Assignment: Give back an exact copy of the listing that follows, without the pictures.

Dataset extract:
-----

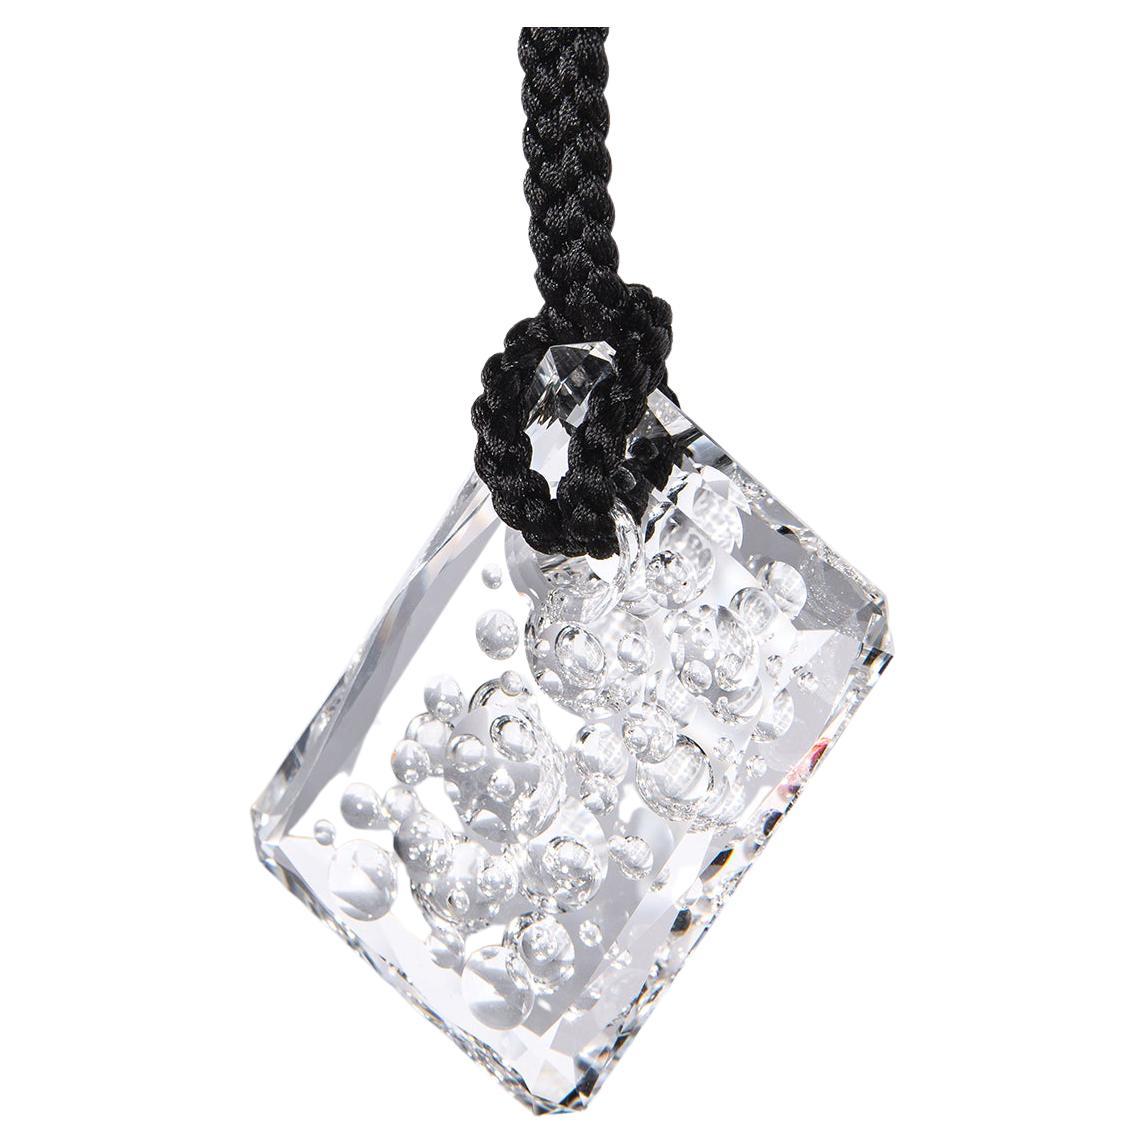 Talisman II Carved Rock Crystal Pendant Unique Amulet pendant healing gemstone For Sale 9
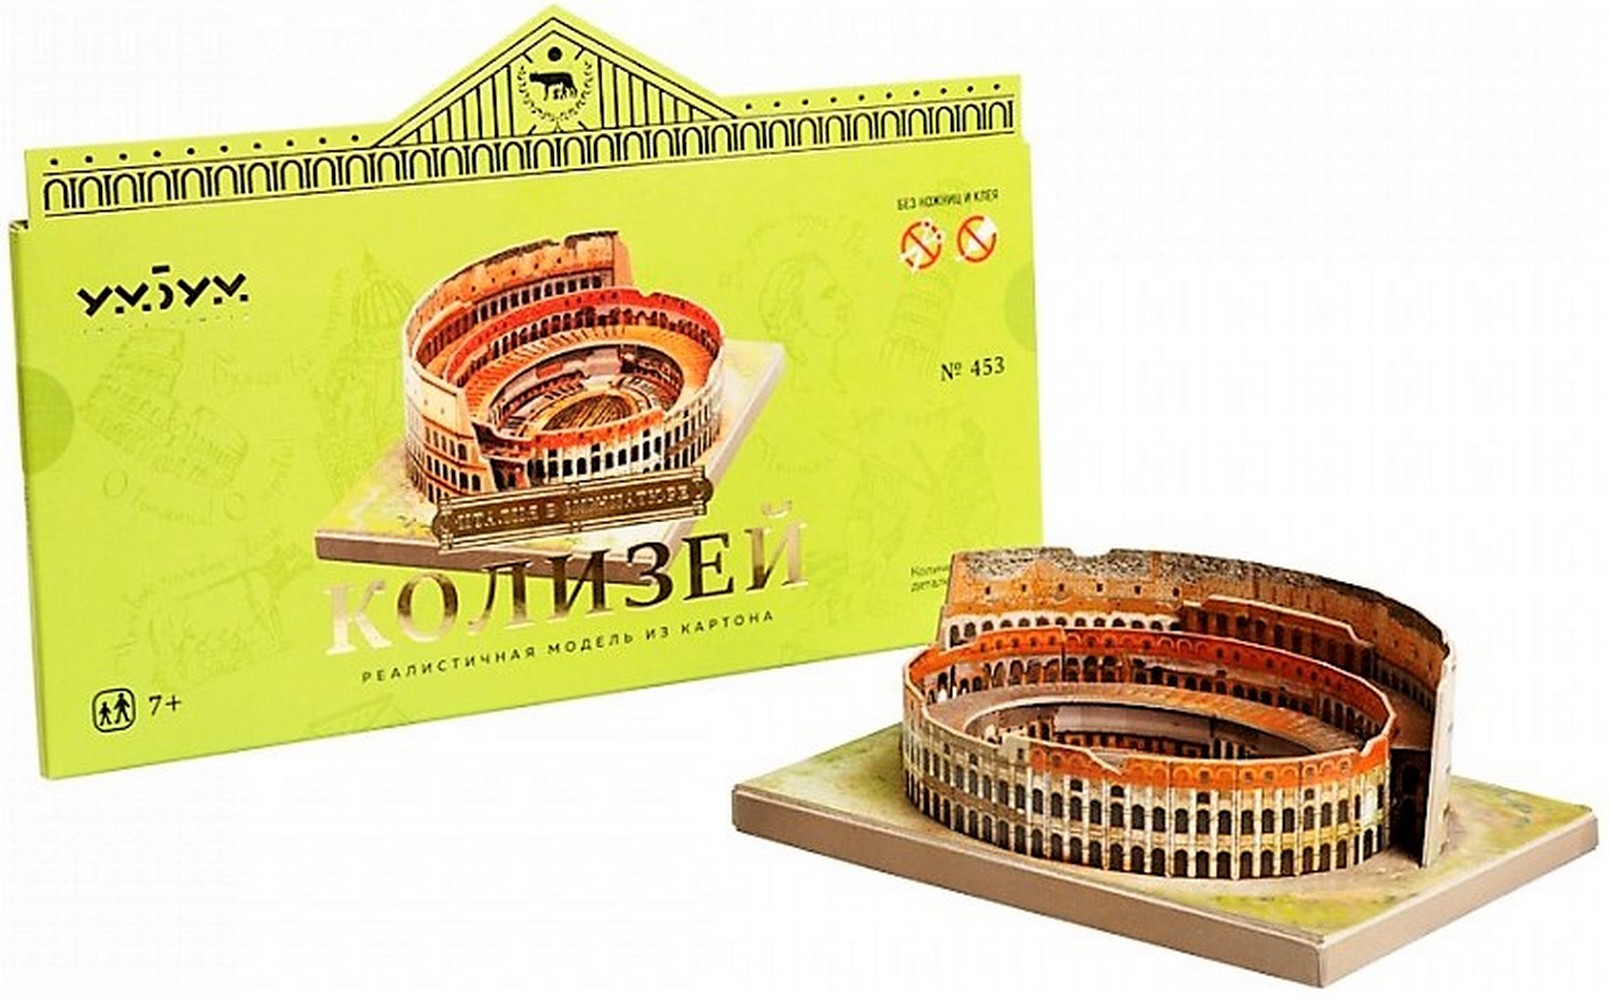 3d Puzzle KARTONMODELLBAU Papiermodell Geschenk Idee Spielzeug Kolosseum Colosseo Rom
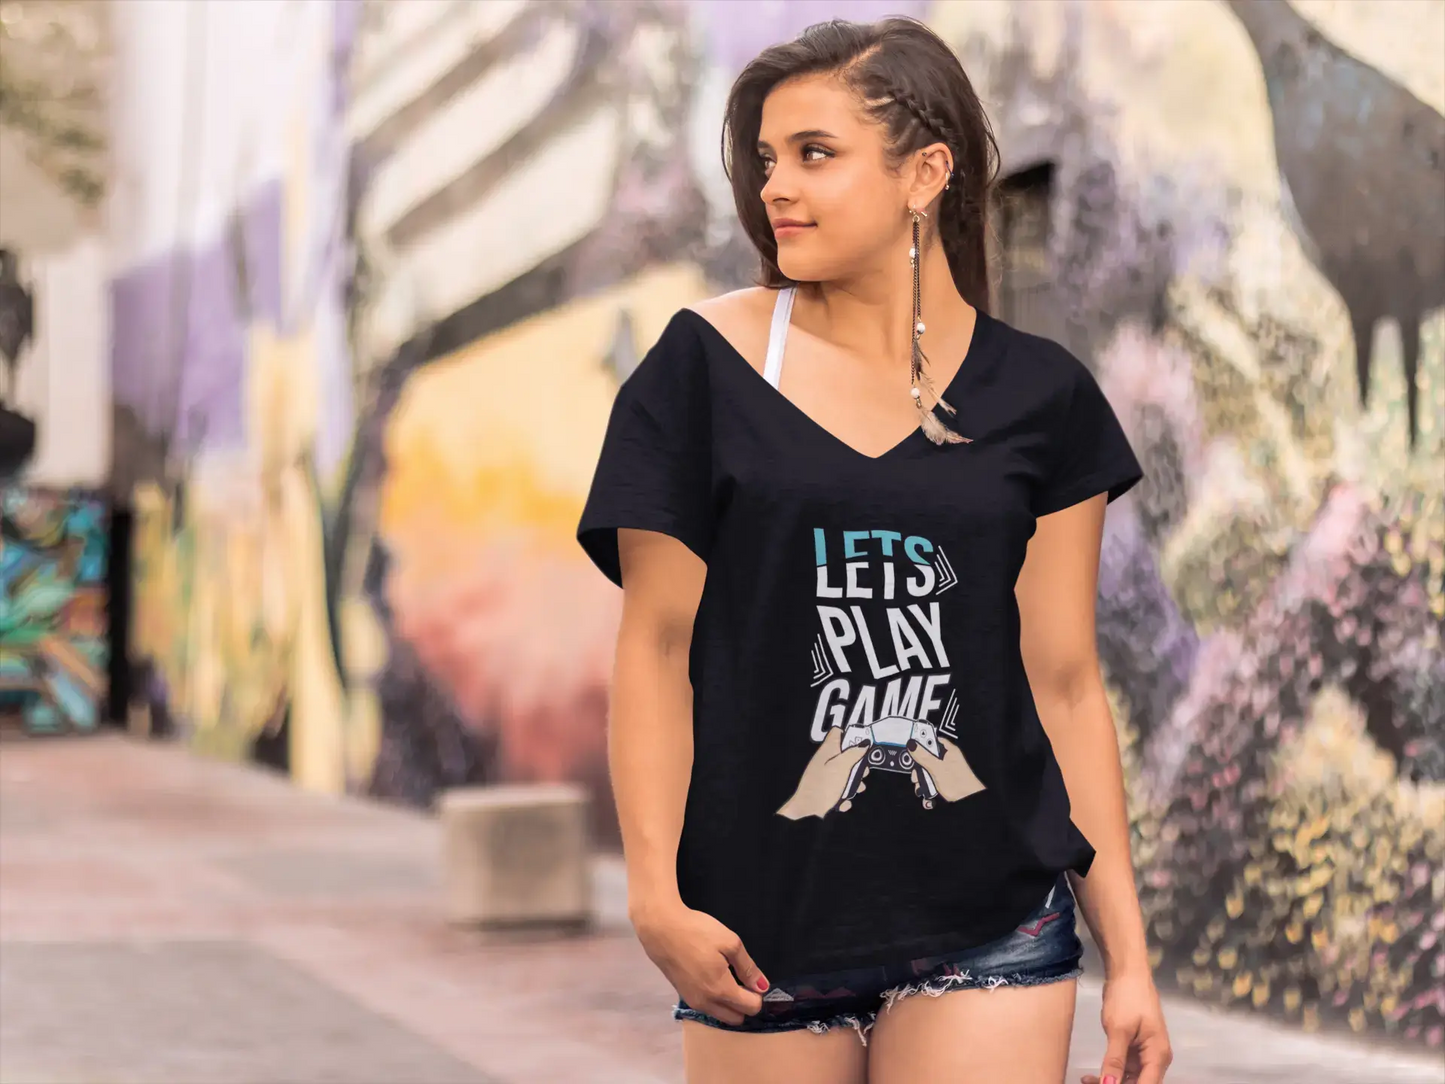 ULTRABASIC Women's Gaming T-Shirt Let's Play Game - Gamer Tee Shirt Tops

-----

Result below:
 Talisman II Carved Rock Crystal Pendant Unique Amulet pendant healing gemstone For Sale 9
 3d Puzzle KARTONMODELLBAU Papiermodell Geschenk Idee Spielzeug Kolosseum Colosseo Rom
 ULTRABASIC Women's Gaming T-Shirt Let's Play Game - Gamer Tee Shirt Tops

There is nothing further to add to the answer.